I have read the rebuttal, which helped to clarify some of the raised issues. I decided to keep the same score.
====
The use of Forward-backawrd discretization of JKO is not new.
* It is used in [1,2,3]. These previous works do not assume that the smooth part is separable (i.e. the flow has a gradient structure).
* It has been used in the context of Langevin sampling [6], the difference being that usually the forward step operates on the entropy part using a Brownian motion. This paper contains convergence speed analysis in the strongly convex case. See also [5] for a related work.
*The litterature on proximal Langevin (for instance [7]), corresponding to a separable non-smooth function, is also relevant.
[1] Splitting methods for systems of parabolic equations with nonlocal drifts in the nonpotential case, Laborde, Carlier, Nonlinear Analysis: Theory,Methods and Applications, 2017,
[2] Weak Solutions to a Fractional Fokker-Planck Equation via Splitting and Wasserstein Gradient Flow, Malcolm Bowles, Martial Agueh
[3] B. Maury, A. Roudneff-Chupin, F. Santambrogio, Congestion-driven dentritic growth, Discrete Contin. Dyn. Syst., Preprint 2014
[5] Andre Wibisono, Sampling as optimization in the space of measures: The Langevin dynamics as a composite optimization problem
[6] Espen Bernton, Langevin Monte Carlo and JKO splitting
[7] Marcelo Pereyra. Proximal Markov chain Monte Carlo algorithms. Statistics and Computing

__ Reproducibility__: Yes

__ Additional Feedback__: The main issue with this paper is that I think there is very few situations where the method can be applied. The only two that come to my mind are:
- the function H(mu) is not diffusive, ie it is a separable function. Then the method boils down to independent foward-backward on the particles, which is well known and studied.
- the function H(mu) is Ornstein-Uhlenbeck with a Gaussian initialization, which is basically the setup considered by Andre Wibisono in "Sampling as optimization in the space of measures", which is also what is done in the numerical part of this paper.
So I think the paper should either show other potential non trivial uses of their algorithm, and maybe oversell a bit less their contributions. In its current form, it does not really explain why is could be interesting for the ML community.
Other remarks:
- What about extension to non-separable but smooth (in the Wasserstein sense) convex functions ? [1,2,3] do not assume this and consider flows which are not of gradient type.
- "Broader impact" should not be a conclusion.

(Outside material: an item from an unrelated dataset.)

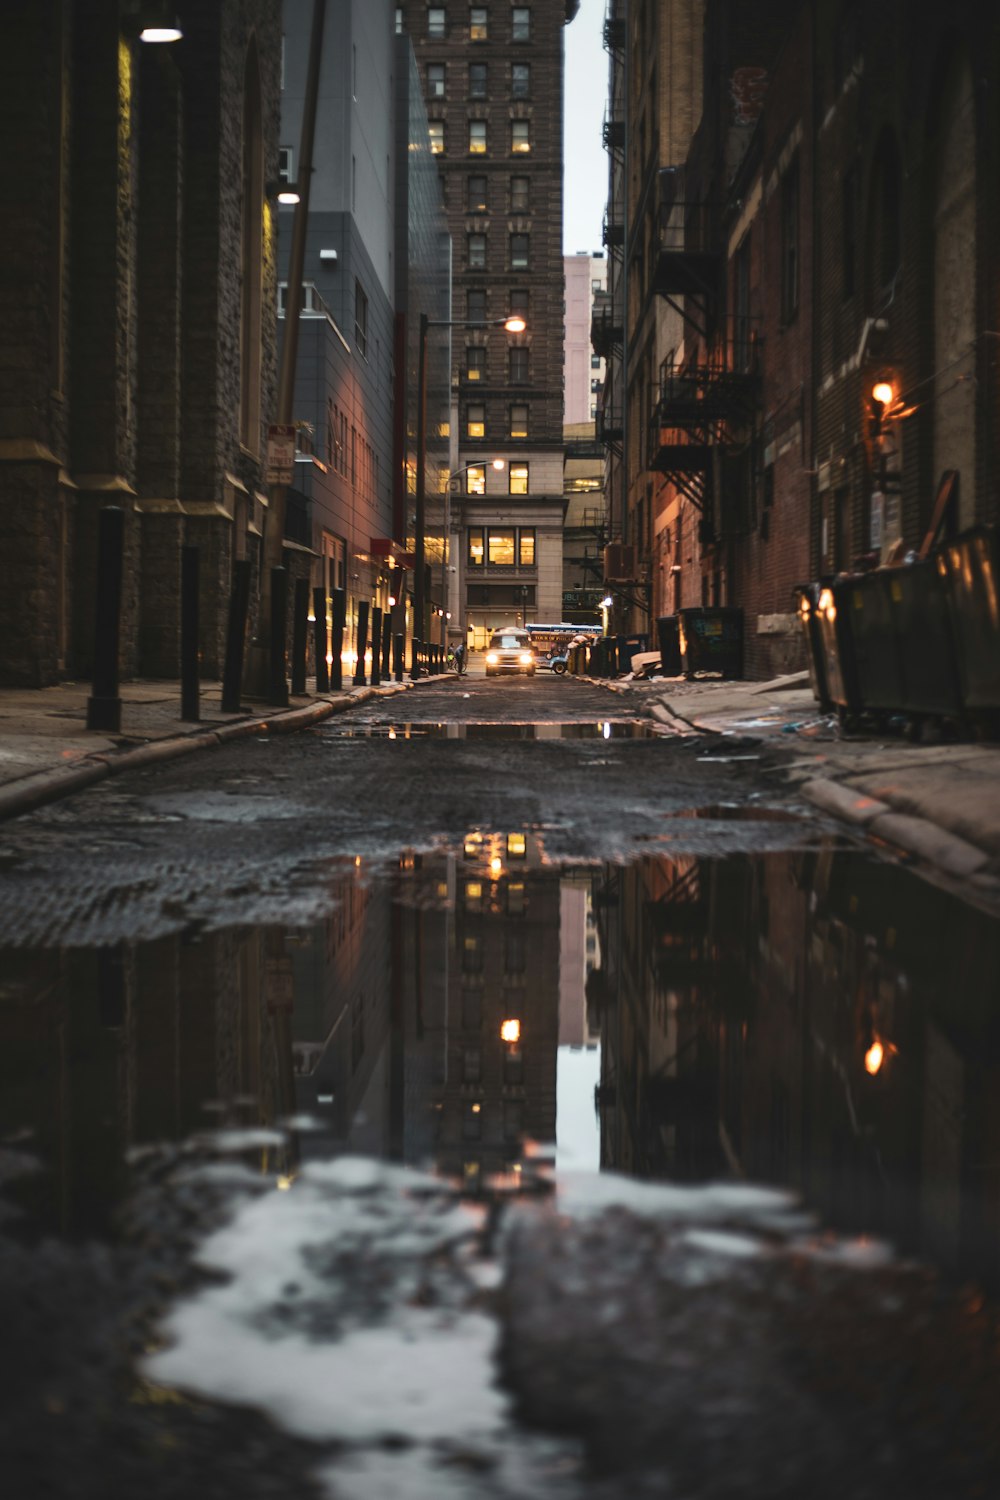 Une rue de la ville avec des flaques d’eau sur le sol

__ Summary and Contributions__: This paper studies the problem of minimizing a composite functional G = E + H over the space of probability measures with a finite second moment, where E is a linear functional defined by some function F (called the potential) and H is convex but possibly non-smooth functional of measures. The paper proposes to solve the problem by the (discrete-time) forward-backward algorithm which is constructed using the JKO operator. The major contribution of the paper is the non-asymptotic analysis of the forward-backward algorithm for this problem. In particular, the paper shows that, under a set of assumptions, the algorithm converges sublinearly and linearly if the potential function F is convex and strongly convex, respectively.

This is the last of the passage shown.